Work order: An exact reproduction of the listing is wanted, with the pictures dropped.

Data provided:
"""
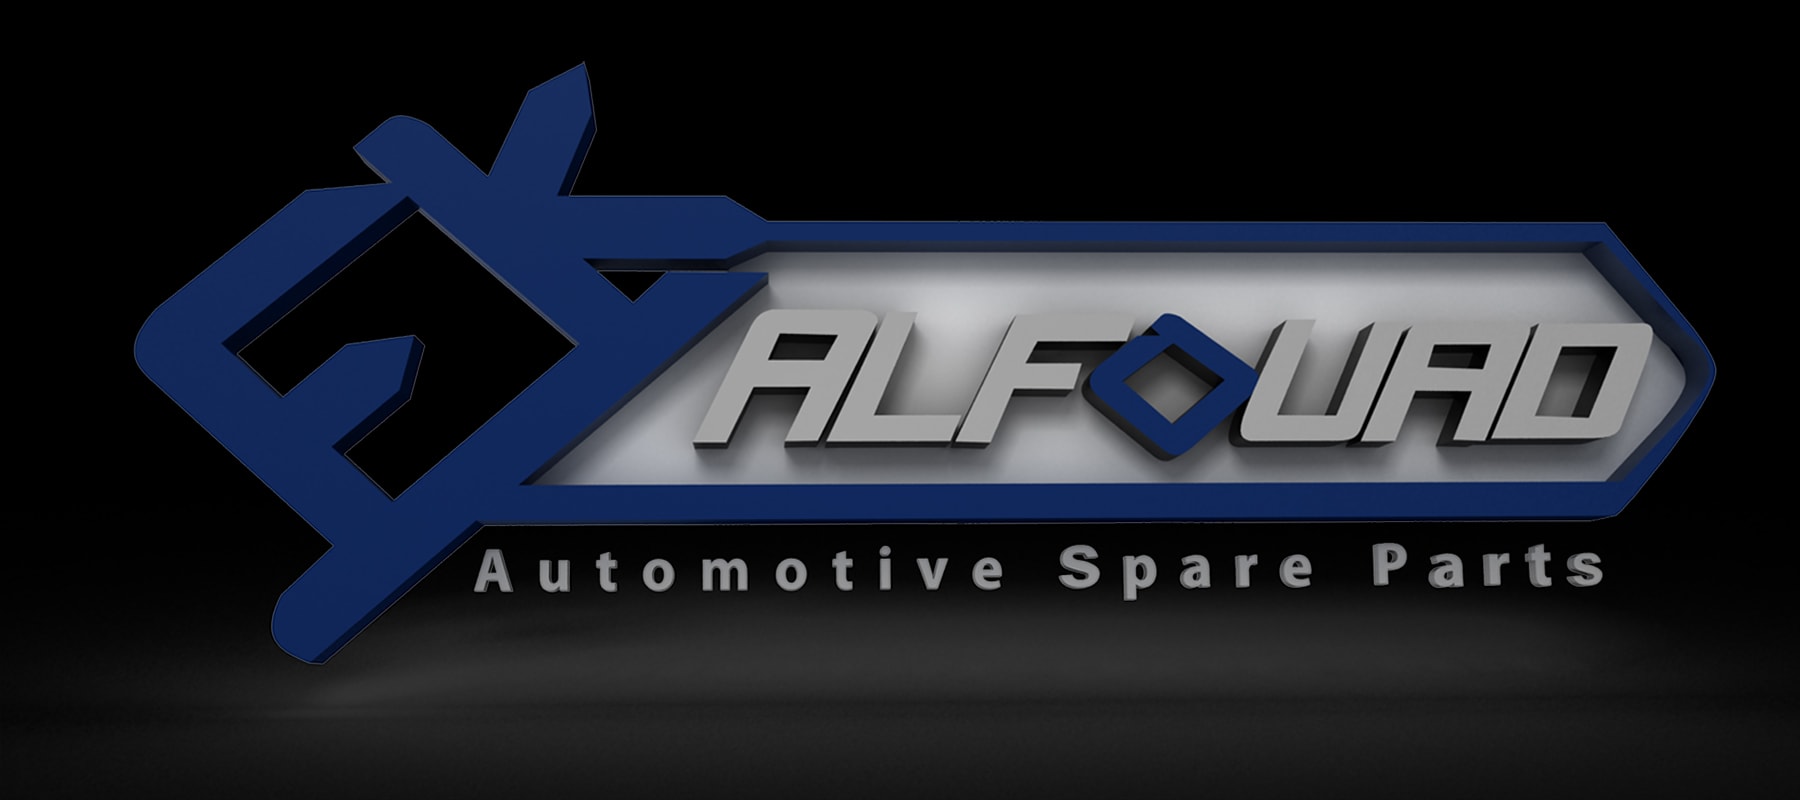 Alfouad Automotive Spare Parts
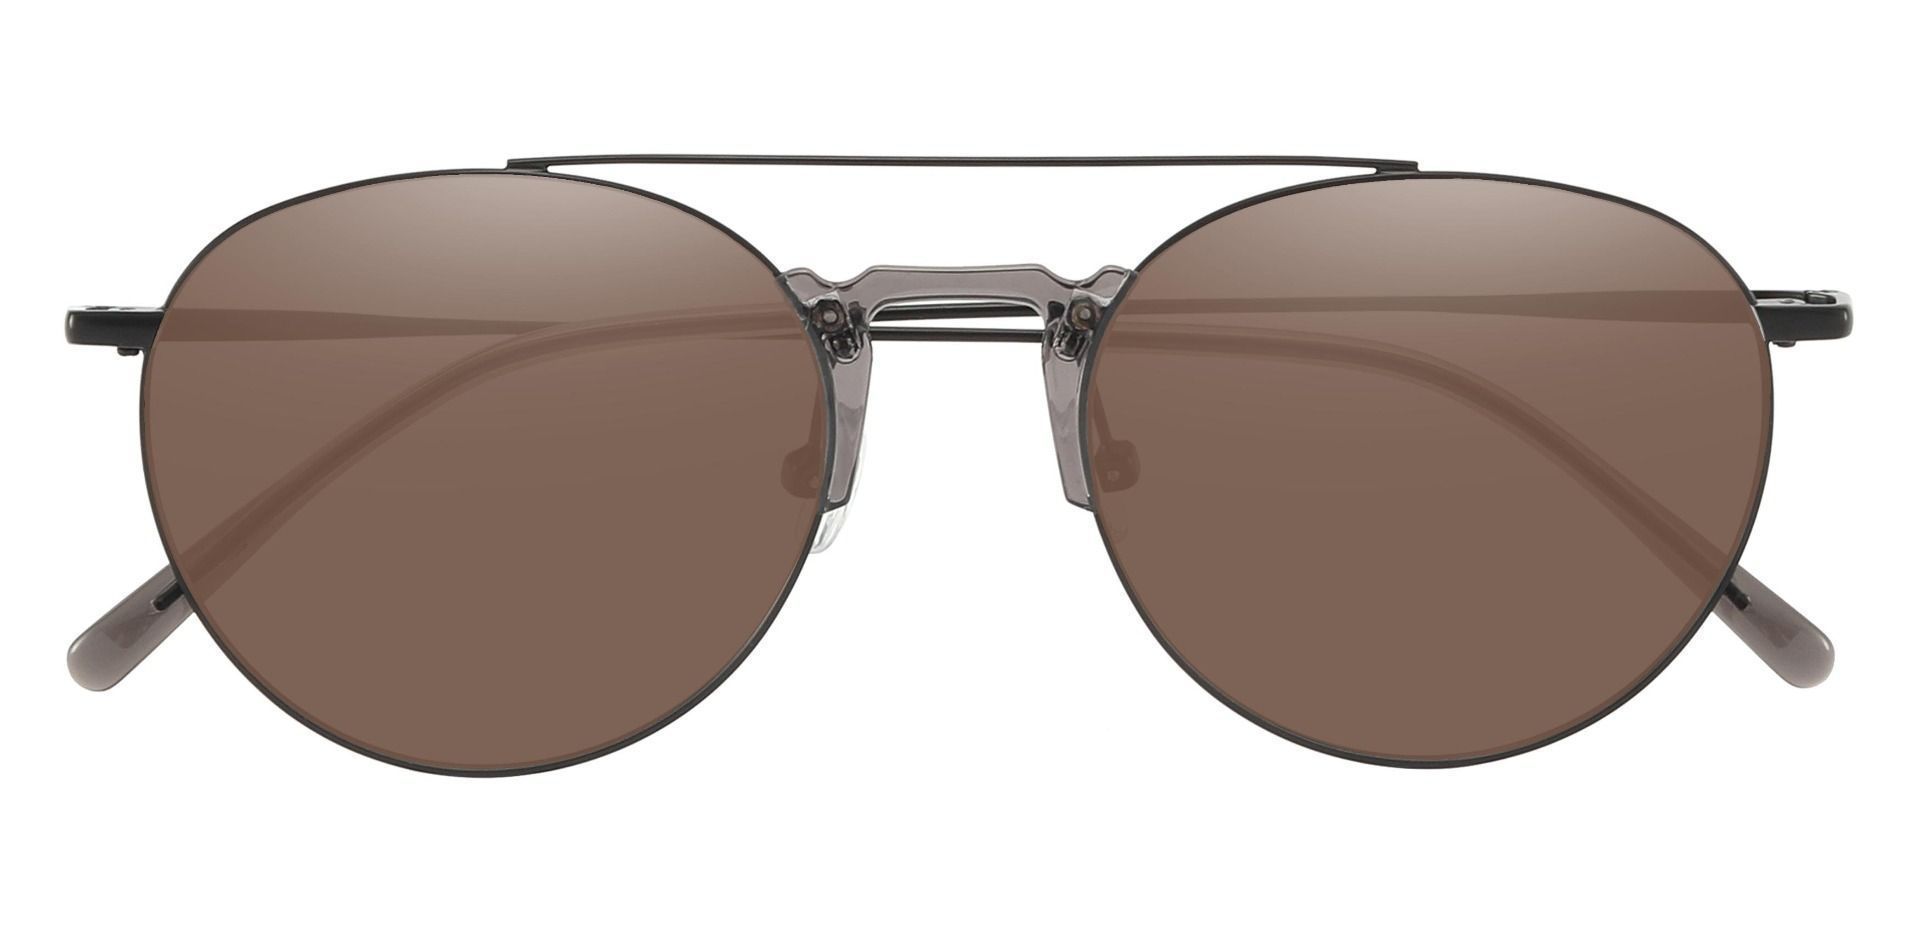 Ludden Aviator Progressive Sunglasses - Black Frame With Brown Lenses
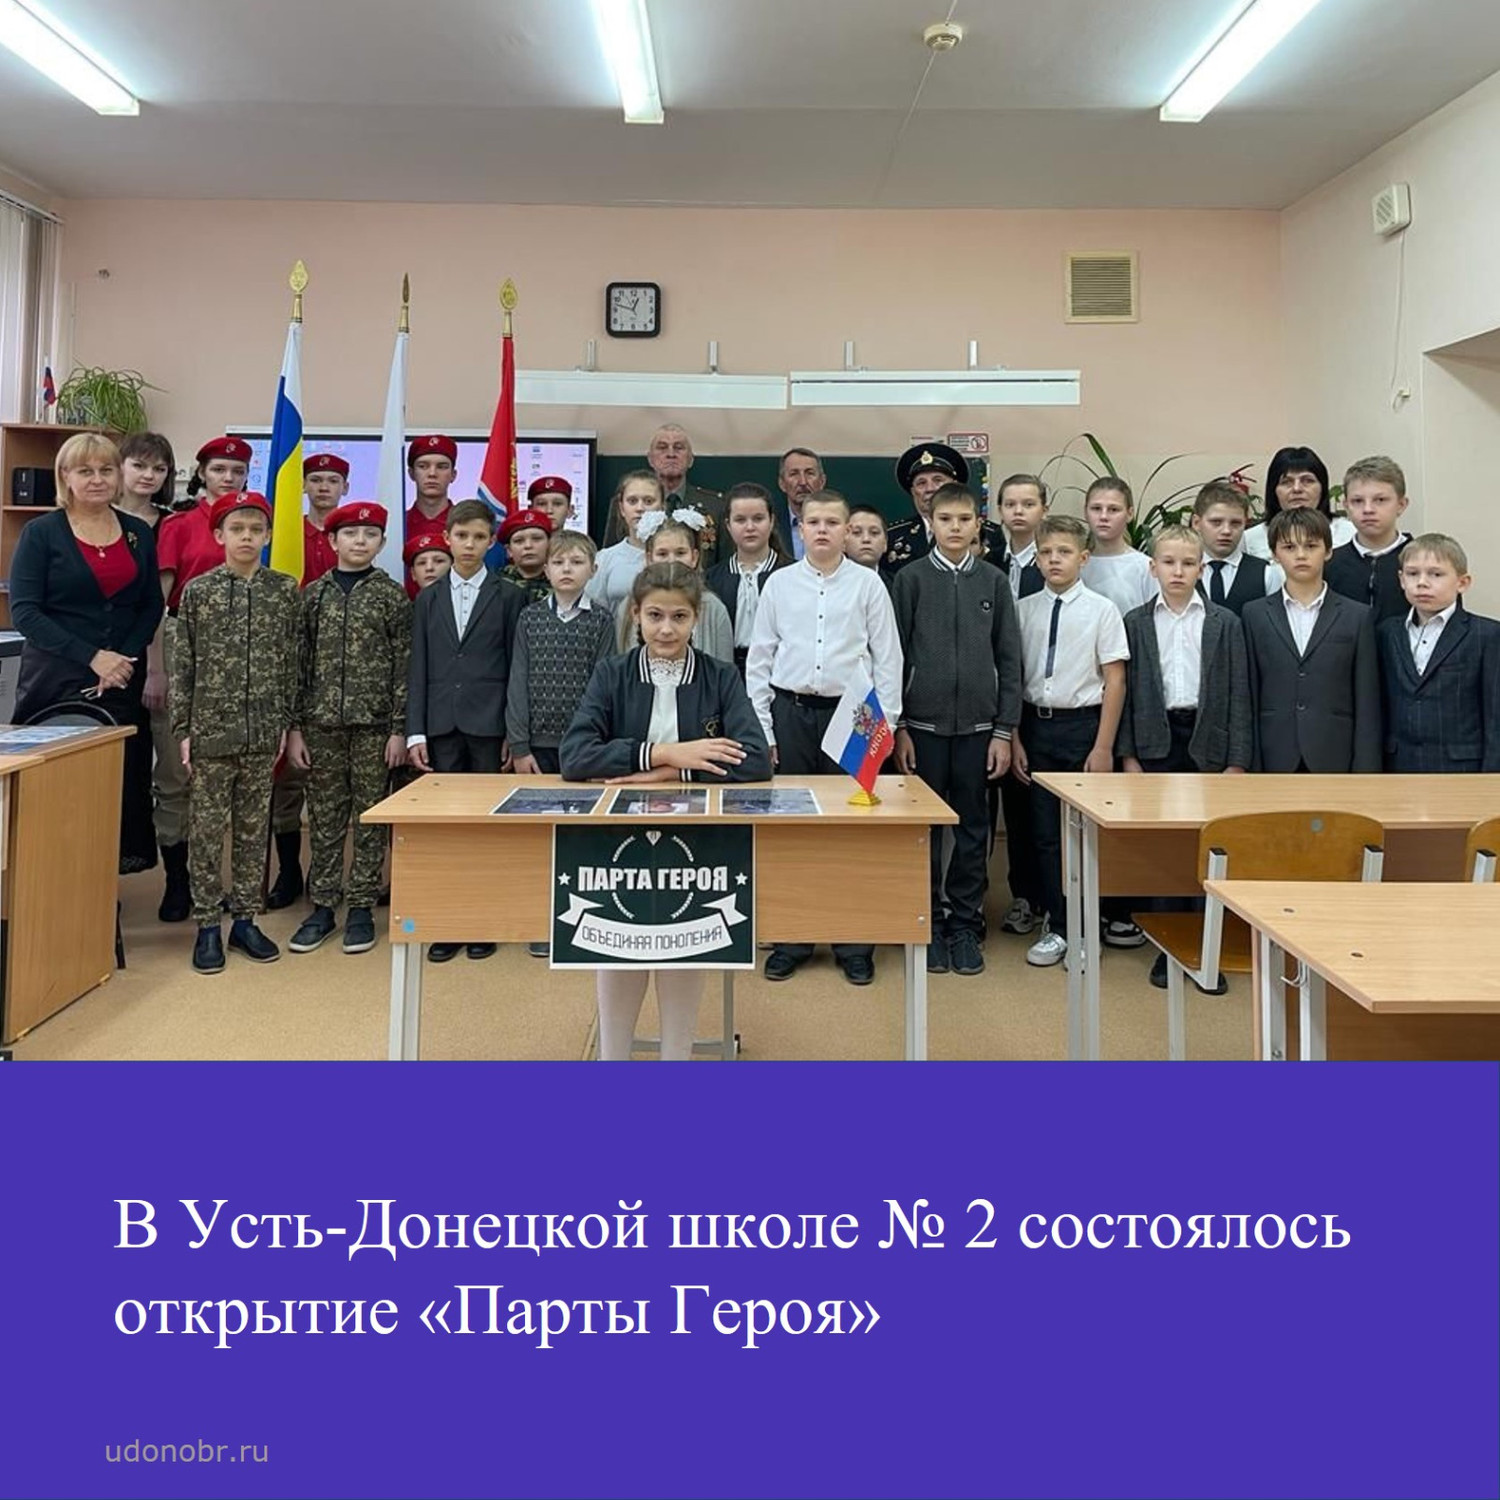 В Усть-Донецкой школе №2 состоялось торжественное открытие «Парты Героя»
"""
Expected answer:
 Alfouad Automotive Spare Parts
 Ludden Aviator Progressive Sunglasses - Black Frame With Brown Lenses
 В Усть-Донецкой школе №2 состоялось торжественное открытие «Парты Героя»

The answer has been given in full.